A decisão foi tomada pela Turma de Câmaras Cíveis Reunidas de Direito Público e Coletivo do TJMT após recurso apresentado pelo Sindicato dos Servidores do Poder Judiciário de Mato Grosso (Sinjusmat), que questionou a validade da votação realizada em dezembro de 2025.

O relator do processo, desembargador Márcio Vidal, destacou que o próprio Judiciário já havia reconhecido a inconstitucionalidade de dispositivos que permitiam o sigilo na apreciação de vetos. Para ele, não seria coerente manter uma votação baseada justamente em uma regra considerada inconstitucional.

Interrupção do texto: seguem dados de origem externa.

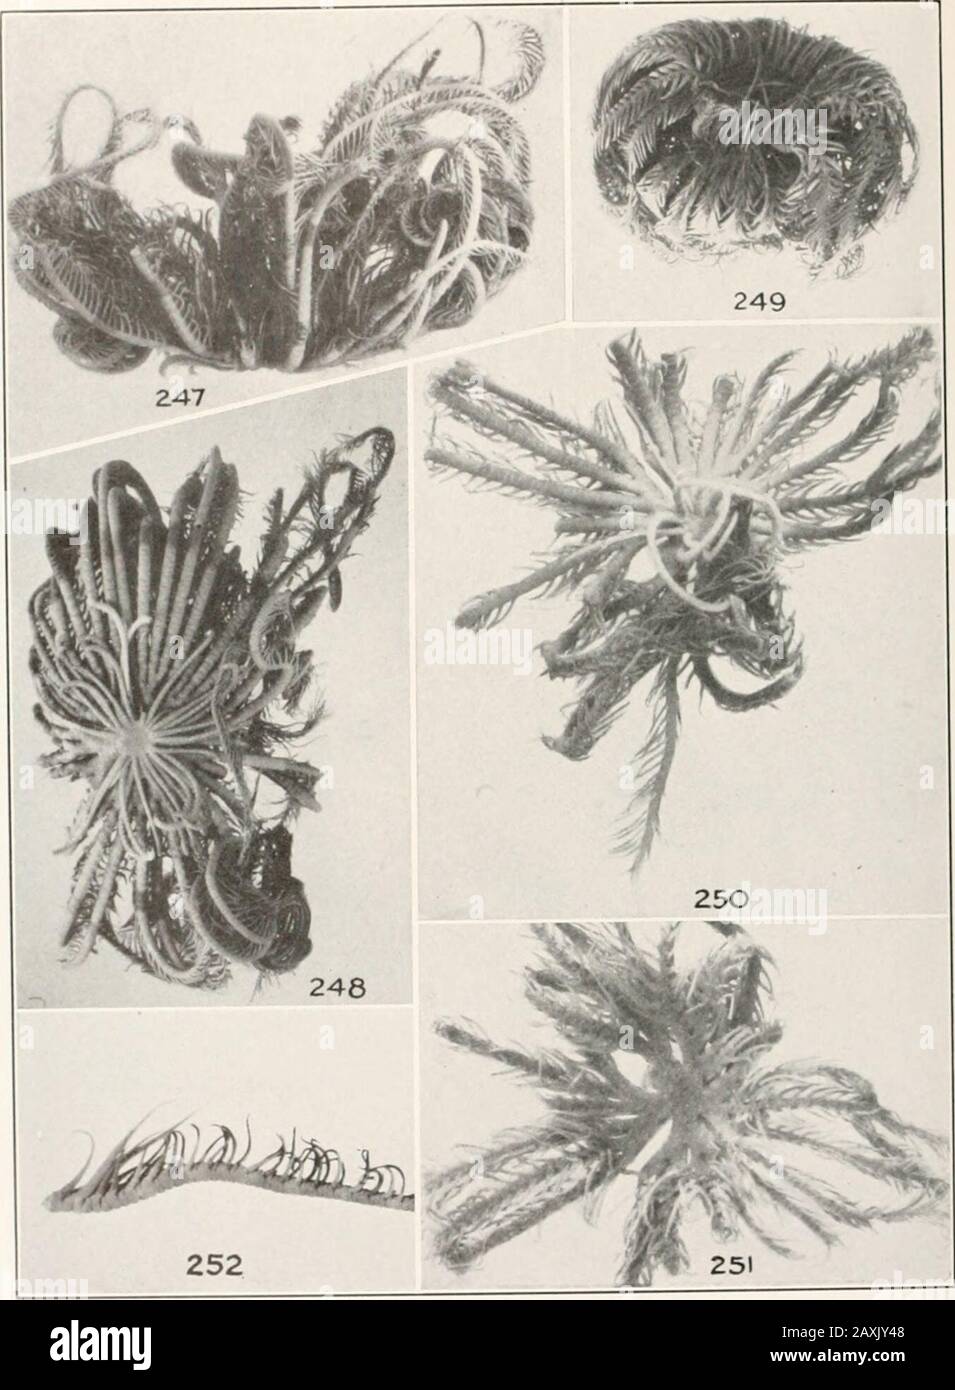 Bulletin - United States National Museum . 240-242, Liparometra articulata: 240, 241. Specimen from Siboga station Vht (U.S N.M., 1 . :s ; 242 iximal pinnules, X 2.24.5-246, Lampromelra palmata palmata: 243, 244, nens from Singapore (C. M.); 245, specimen from New Guinea (Berl. Mus.); 246, the central portion of a vcrj large specime Sibogr, station 115, reef (Amsterdam Mus.). U S. NATIONAL MUSEUM BULLETIN 82. PART 4A PLATE 54. ?nprometra palmata palmata: 247, 248, I I ? type specin don aequipinna from an ui. locality (H. M.)i 249, specimen from Mortlock Island, Carolines (H. M.); 250, 251, th Stock Photo

“Não seria juridicamente coerente declarar inconstitucional a norma que autorizou o sigilo e, simultaneamente, preservar a votação realizada com fundamento direto nessa mesma disposição”, afirmou o magistrado.

A decisão, entretanto, não determina que o reajuste seja aprovado. O TJMT deixou claro que cabe à Assembleia decidir novamente se mantém ou derruba o veto do Executivo, apenas exigindo que o procedimento siga as regras constitucionais.

“Preserva-se a liberdade política da Assembleia Legislativa para deliberar acerca da manutenção ou da rejeição do veto governamental, sem que o Poder Judiciário interfira no conteúdo da decisão parlamentar”, destacou Vidal.

Na votação anulada, realizada em dezembro do ano passado, 12 deputados votaram pela manutenção do veto e 10 pela derrubada. Como a sessão ocorreu de forma secreta, não foi possível identificar como cada parlamentar se posicionou. Para derrubar o veto, eram necessários 13 votos.

O projeto havia sido aprovado anteriormente pela Assembleia e previa reajuste de 6,8% para os servidores do Judiciário. O então governador Mauro Mendes vetou integralmente a proposta, alegando que o aumento poderia provocar impacto nas contas públicas e gerar um efeito cascata sobre outras carreiras do funcionalismo.

Com a decisão do TJMT, a Assembleia deverá incluir novamente o veto na pauta e realizar uma votação pública, com registro nominal dos votos. O julgamento, portanto, não garante o reajuste aos servidores, mas reabre a discussão sobre a proposta e elimina o sigilo que marcou a primeira análise do veto.